Mereka adalah golongan yang lahiriyahnya mengaku diri Islam, namun hakikat batinnya kufur. Dan mereka meyakini bahwa semua teks-teks al-Qur’an tanpa terkecuali mengandung makna lahir dan batin[4].
Senada dengan definisi diatas, Ibnu al-Jauzi mengatakan dalam bukunya yang berjudul (Talbiis Ibliis): “Bathiniyah adalah suatu kaum yang bertopengkan agama Islam, dan berasumsi bahwa teks-teks agama mengandung makna lahir dan batin. Al-Bathiniyah itu sendiri adalah golongan Syi’ah Isma’ilyah yang penamaannya dinisbahkan kepada imam Muhammad bin Ismail bin Ja’far[5] .
Dari keterangan diatas dapat difahami bahwa Bathiniyah adalah Syi’ah Isma’iliyah. Adapun dalam perkembangannya, Syi’ah Isma’ilyah Bathiniyah sering kali bertukar dan berganti nama, bergantung kepada tempat dimana ia muncul dan menetap. Seperti di Iraq dan di Bahrain dikenal dengan nama “al-Qaramithah”, di Khurasan dikenal dengan nama “at-Ta’limiyah”, di Mesir dikenal dengan nama “al-Fathimiyah”, di Syam (Suria,Yordan, Lebanon dan Palestina) dikenal dengan dua penamaan yaitu “an-Nushairiyah” dan “ad-Duruz”, dan khusus di Palestina terdapat penamaan lain yaitu “al-Baha,iyah”, di India dengan nama “al-Bahra”, di Yaman dengan nama “al-Yamiah” disamping penamaan aslinya “al-Isma’ilyah”, di daerah-daerah Kurdi dengan nama “al’Alawiyah”, di Turki populer dengan nama “al-Bakdasyiah), dan di negara selain Arab dikenal dengan nama “al-Babiyah”.

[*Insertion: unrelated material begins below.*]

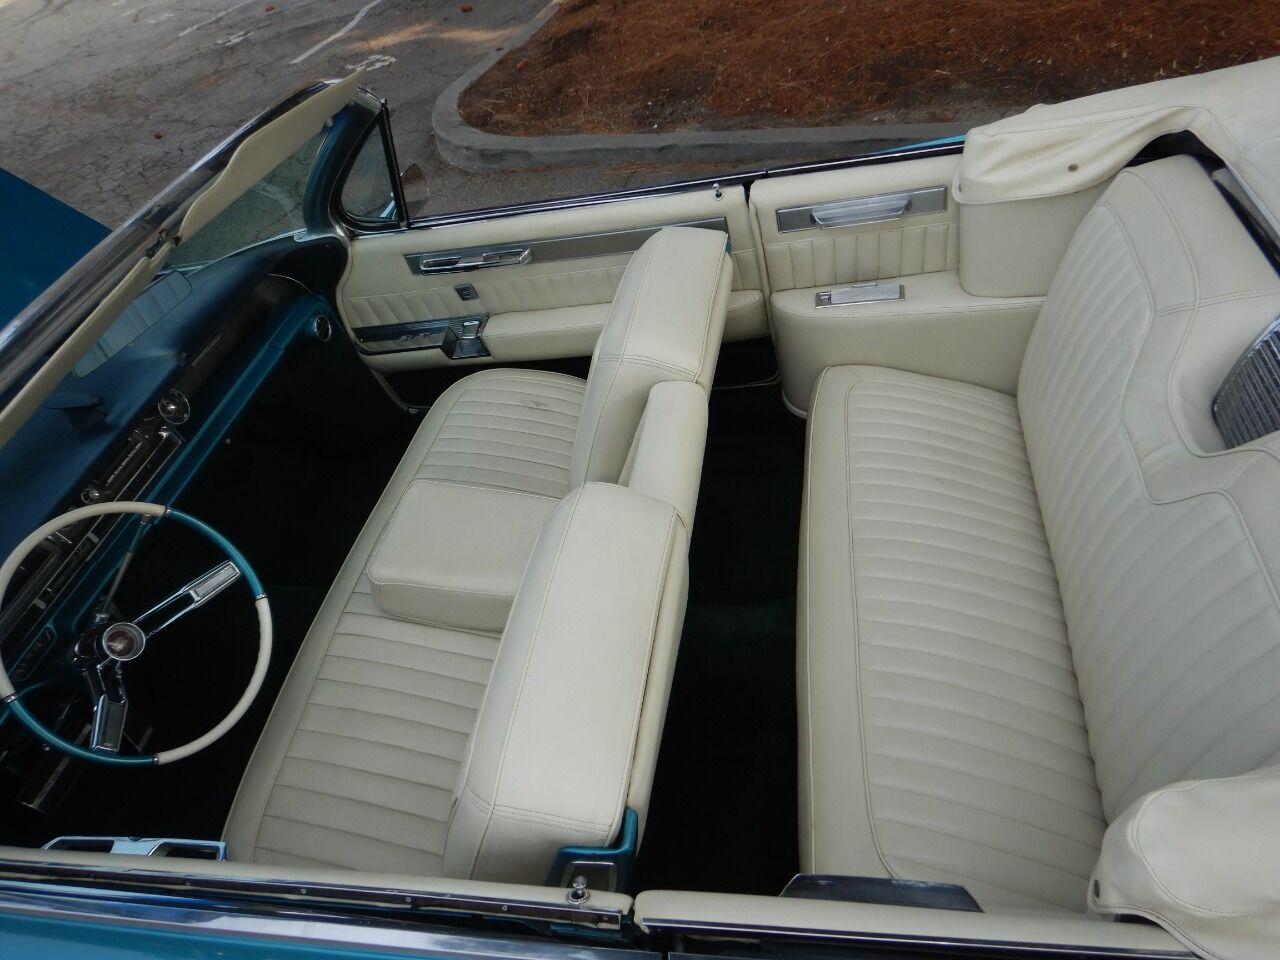 1961 Cadillac Eldorado Biarritz 63

Namun mereka sendiri sebenarnya merasa lebih puas dan senang dengan penamaan aslinya, yaitu “al-Isma’iliyah”, sebagaimana yang ditegaskan oleh tokoh ulama mereka yang bernama Ali bin al-Walid (wafat 612 H) dalam bukunya yang berjudul “Daamighul Bathil wa Hatfu al-Munadhil”. (Bersambung)
Catatan:
- Zaidiyah dekat dengan Ahli Sunnah dalam Furu’iyyah mazhab Hanafi, dan masalah ushuliyyah aqidah dekat kepada aqidah Mu’tazilah.
- Untuk lebih jelasnya lihat desertasi penulis: “Mauqif az-Zaidiyah wa Ahli Sunnah min al-Aqidah al-Isma’iliyah wa Falsafatuha. Darul Kutub al-Ilmiyah, Bairut-Lebanon. 2009.
- Lihat beberapa kamus: Lisanul Arab, Misbah al-Munir dll.
- Haqaaiq al-Ma’rifah fi ‘Ilmi al-Kalam, Ahmad bin Sulaiman, halaman 500, Muassasah Zeid bin Ali at-Tsaqaafi, Shan’a, Yaman, cet 1/2003. editor: Hasan bi Yahya al-Yusfi.
- Talbis Iblis, Halaman 124-125, Dar al-Kitab al-‘Arabi, Bairut, cet 1/1985. editor: Dr. as-Sayyid al-Jumaili.